Nishinoomote (西之表市, Nishinoomote-shi) is a city located on the island of Tanegashima, in Kagoshima Prefecture, Japan. As of 30 April 2024, the city had an estimated population of 14,151 in 7941 households, and a population density of 69 persons per km^{2}. The total area of the city is 205.57 km2.

==Geography==
Nishinoomote, located on the northern portion of Tanegashima, is bordered by the East China Sea to the west and the Pacific Ocean to the east, and by the Ōsumi Strait separating Tanegashima from the Kyushu mainland. The city also includes the offshore island of Mageshima within its borders.

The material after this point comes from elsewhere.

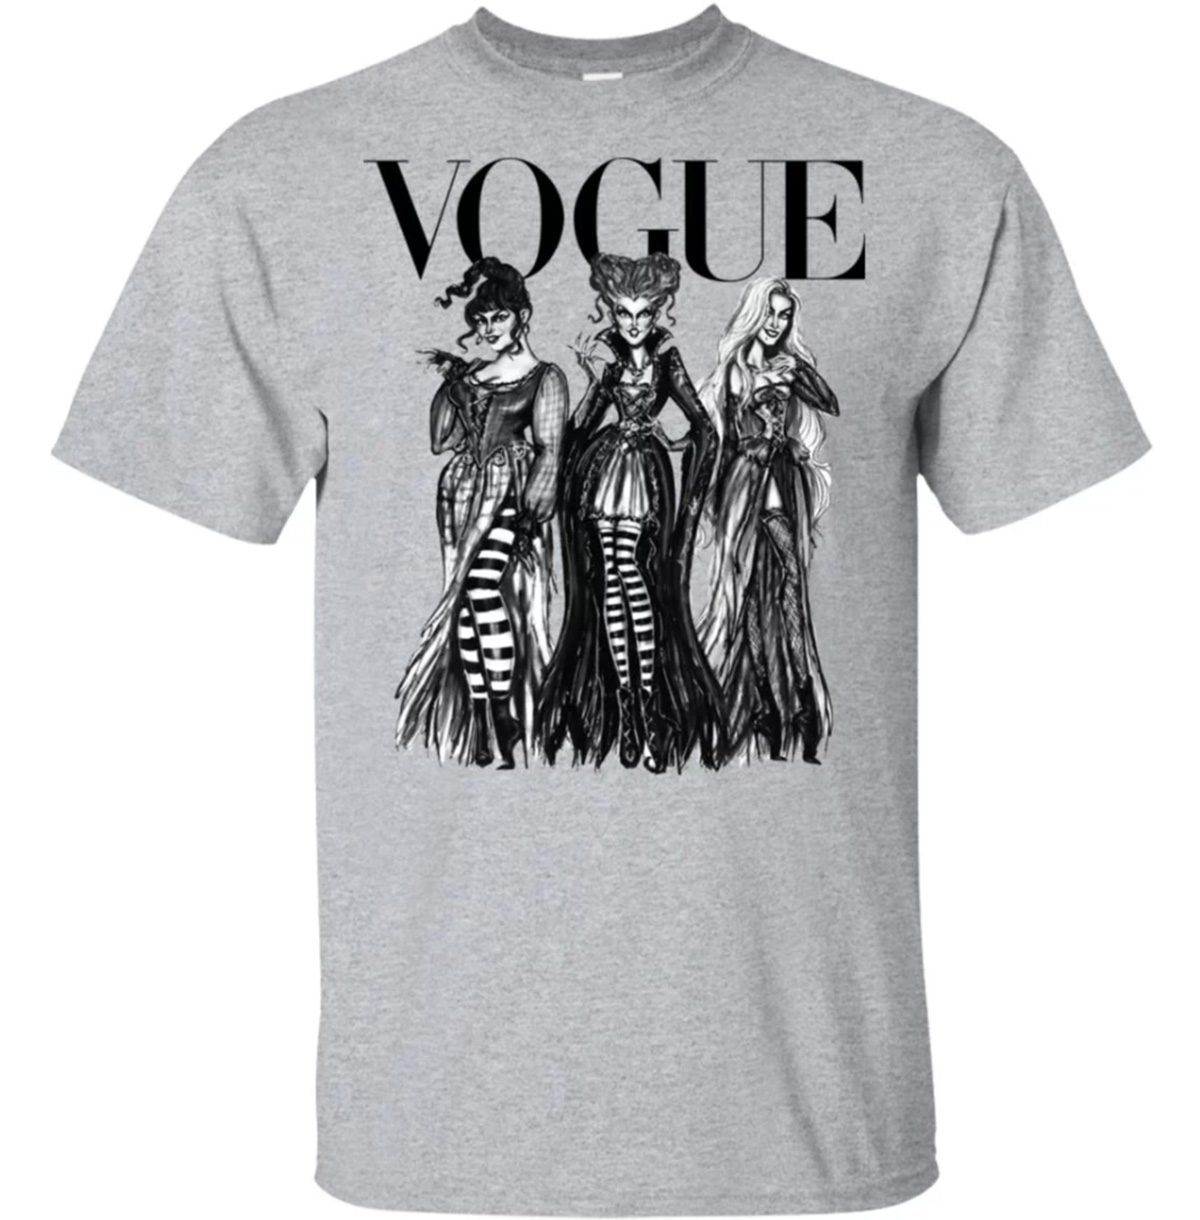 Vogue Disney Villains Shirt Reviewshirts Office
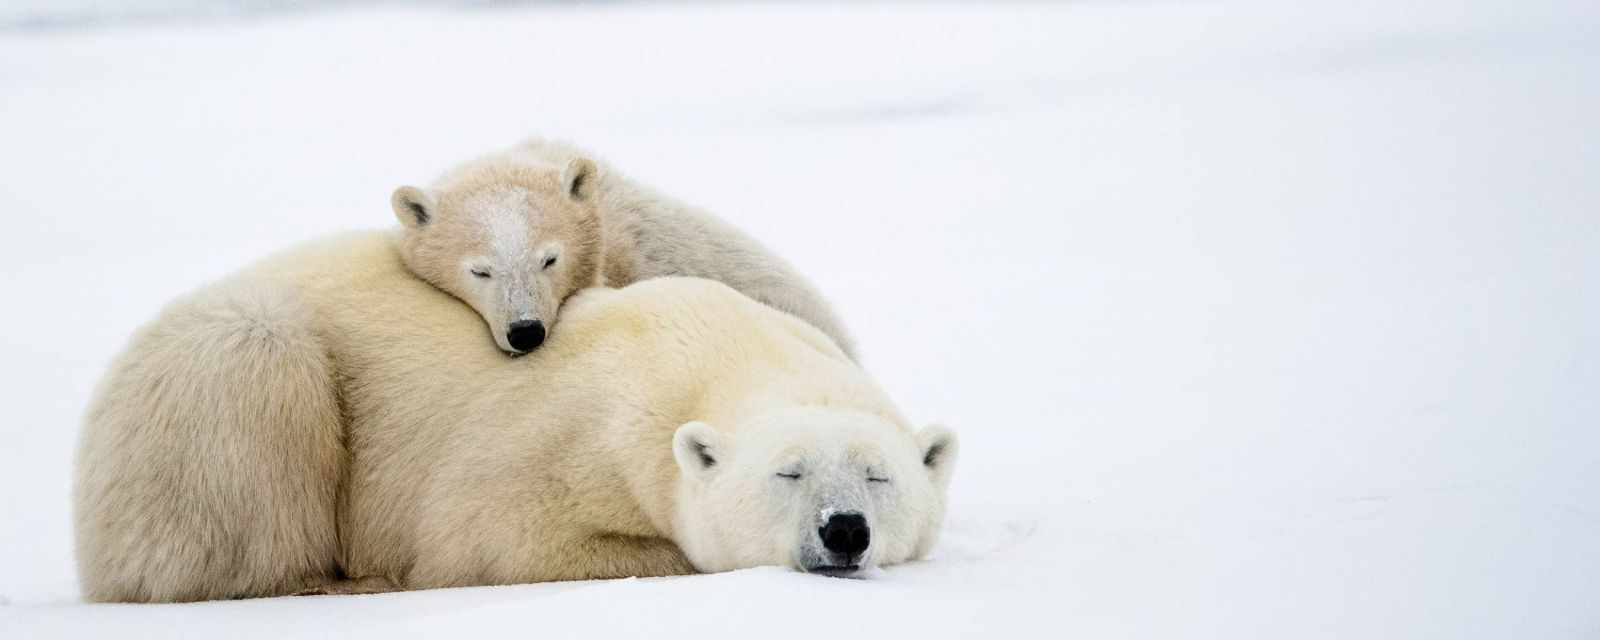 Churchill Polar Bears in Canada

===Surrounding municipalities===
- Nakatane

===Climate===
Nishinoomote has a humid subtropical climate (Köppen Cfa) characterized by warm summers and cool winters with no snowfall. The average annual temperature in Nishinoomote is 20.0 °C. The average annual rainfall is 2174 mm with September as the wettest month. The temperatures are highest on average in August, at around 27.7 °C, and lowest in January, at around 12.0 °C. The area is subject to frequent typhoons.

===Demographics===
Per Japanese census data, the population of Nishinoomote is as shown below:

==History==
The area of Nishinoomote was part of ancient Tane Province, which was abolished in 824 and incorporated into Ōsumi Province. Tanegashima became a part of Shimazu shōen in 1140. During the Edo Period, the area was part of the holdings of Satsuma Domain. Sugarcane was first cultivated in 1824. Kitatane Village was established on April 1, 1889 with the establishment of the modern municipalities system. It was elevated to town status on April 1, 1926 and renamed Nishinoomote. Towards the end of World War II, the town was garrisoned by a 12,000-man force from the Imperial Japanese Army and was thus subjected to bombing by the United States Navy in 1945. It was elevated to city status on October 1, 1958.

==Government==
Nishinoomote has a mayor-council form of government with a directly elected mayor and a unicameral city council of 14 members. Nishinoomote, collectively with the other municipalities of Kumage District, contributes two members to the Kagoshima Prefectural Assembly. In terms of national politics, the city is part of the Kagoshima 4th district of the lower house of the Diet of Japan.

== Economy ==
The economy of Nishinoomote is based largely on agriculture (sugar cane, sweet potatoes), livestock (cattle, pigs, etc.), and fisheries.

==Education==
Nishinoomote has ten public elementary high schools and one public junior high school operated by the town government, and one public high school operated by the Kagoshima Prefectural Board of Education.

==Transportation==
===Seaport===
Nishinoomote Port is a regional transportation hub, with frequent ferry service to Kagoshima, Tokyo, Kobe, and Osaka, as well as Okinawa and the other Osumi islands.

==Sister cities==
- Isa, Kagoshima, since November 10, 1962
- Sakai, Osaka, since October 18, 1986
- Nagahama, Shiga, since October 8, 1987
- Vila do Bispo, Portugal, since October 1, 1993 (in recognition of the fact that it was Fernão Mendes Pinto, a Portuguese explorer, who claimed to be the first European to set foot on Japan, and did so on Tanegashima in 1543.)